No exercício de 2015, a operação de cobrança do IRS enfrenta um ambiente que é, em muitos aspectos, notavelmente semelhante aos anos seguintes à implementação do RRA 98. Severos cortes orçamentais contribuíram para reduções no pessoal de cobrança. Do final do exercício de 2010 ao final do exercício de 2014, o pessoal permanente da ACS diminuiu mais de 31% e o pessoal dos responsáveis pela receita diminuiu mais de 27%. (8) Além disso, mudanças significativas nas políticas de cobrança do IRS implementadas nos anos fiscais de 2011 e 2012, ou seja, a chamada “Iniciativa Fresh Start” do IRS, colocaram maior ênfase em decisões de cobrança mais flexíveis, em oposição ao aumento do uso de ações tradicionais de execução. . Como resultado, do ano tributario de 2010 a 2014, as taxas emitidas pelo IRS diminuíram 45%, (9) e os pedidos de garantia diminuíram 51%. (10) Notavelmente, o rendimento total da cobrança aumentou 14% em dólares nominais durante este período, apesar das reduções dramáticas nas ações de execução tradicionais. (11)

Ainda mais notável, o Rendimento Total de Cobrança ajustado pela inflação aumentou 1.7% entre os anos fiscais de 2010 e 2014, demonstrando que as receitas de cobrança têm sido relativamente estáveis ao longo do tempo, apesar das oscilações significativas na actividade de penhoras e taxas do IRS. (12)

Conforme ilustrado no gráfico abaixo, as receitas arrecadadas através de acordos de parcelamento e avisos de cobrança foram o principal impulsionador do aumento no rendimento total da arrecadação, com o aumento das arrecadações por meio de compensações de reembolso também fazendo algumas contribuições. Notavelmente, a cobrança por meio de avisos iniciais de cobrança do IRS é de cumprimento voluntário – embora tardio (ou seja, nenhum penhor ou imposição gerou o pagamento do contribuinte), e a cobrança por compensações de reembolso é uma abordagem totalmente automatizada que não requer penhor ou autoridade de imposição do IRS.

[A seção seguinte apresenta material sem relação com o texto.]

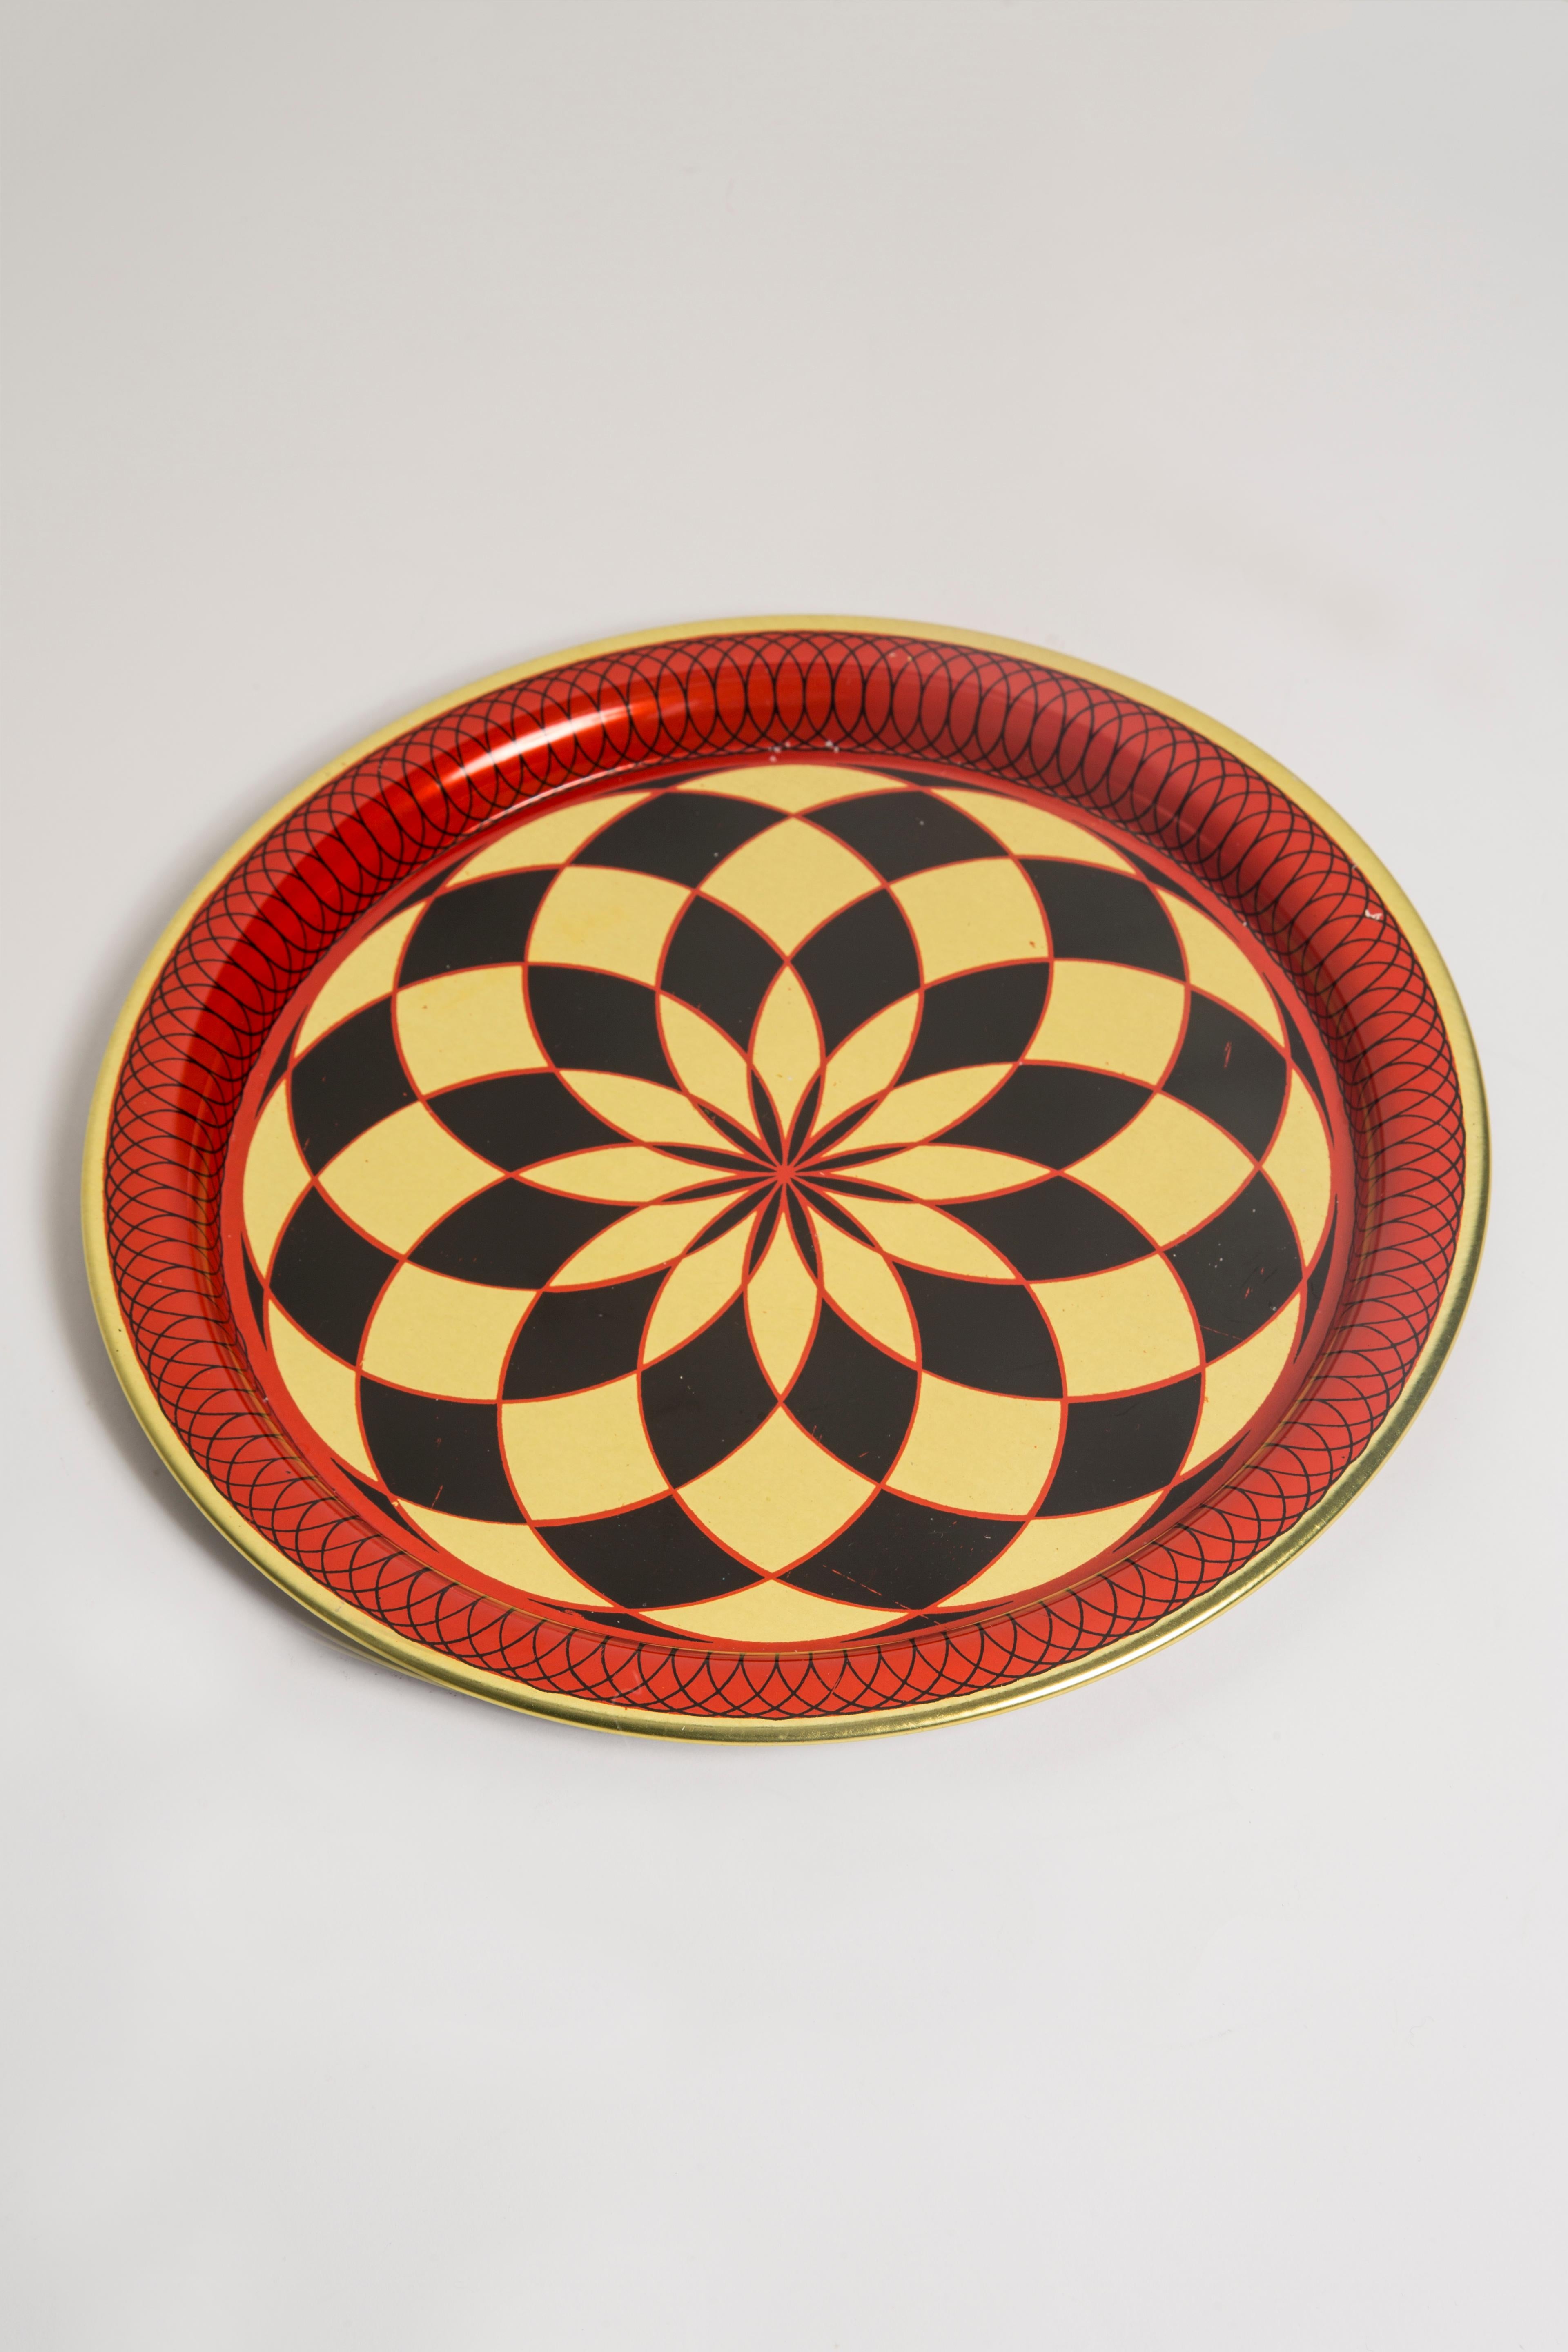 Midcentury Vintage Red Black and Gold Decorative Metal Plate, Poland, 1960s For Sale 2

Pode-se atribuir o aumento no rendimento total da arrecadação ao aumento geral dos contribuintes. Entre o exercício de 2010 e o exercício de 2014, o número de contribuintes individuais aumentou cerca de 5%, enquanto o número de contribuintes empresariais permaneceu estável. Os dados do IRS, no entanto, refutam esta suposição. Como mostra o gráfico abaixo, os dólares TDA disponíveis para recolha diminuíram ligeiramente entre os anos fiscais de 2010 e 2014, de 174 mil milhões de dólares para 173 mil milhões de dólares. (13) Ao mesmo tempo, o número de gravames emitidos diminuiu cerca de 50%, de quase 1.1 milhões para 536,000. No entanto, a percentagem de dólares disponíveis para recolha que foram efectivamente arrecadados aumentou de 6.0% para 6.4%. O gráfico abaixo mostra de forma ainda mais dramática a relação entre gravames apresentados e dólares disponíveis coletados.

Vemos o mesmo padrão com as taxas emitidas. Especificamente, o número de taxas diminuiu 45% entre o exercício financeiro de 2010 e o exercício financeiro de 2014, enquanto a percentagem de dólares disponíveis arrecadados diminuiu ligeiramente.

Agora, existem muitos fatores que influenciam o rendimento total da coleção. Mas estes dados indicam certamente que algo diferente do número bruto de emissões de garantias e impostos é responsável pela relativa estabilidade das receitas de cobrança ao longo do tempo. No meu próximo blog, explorarei o que esse “algo” pode ser.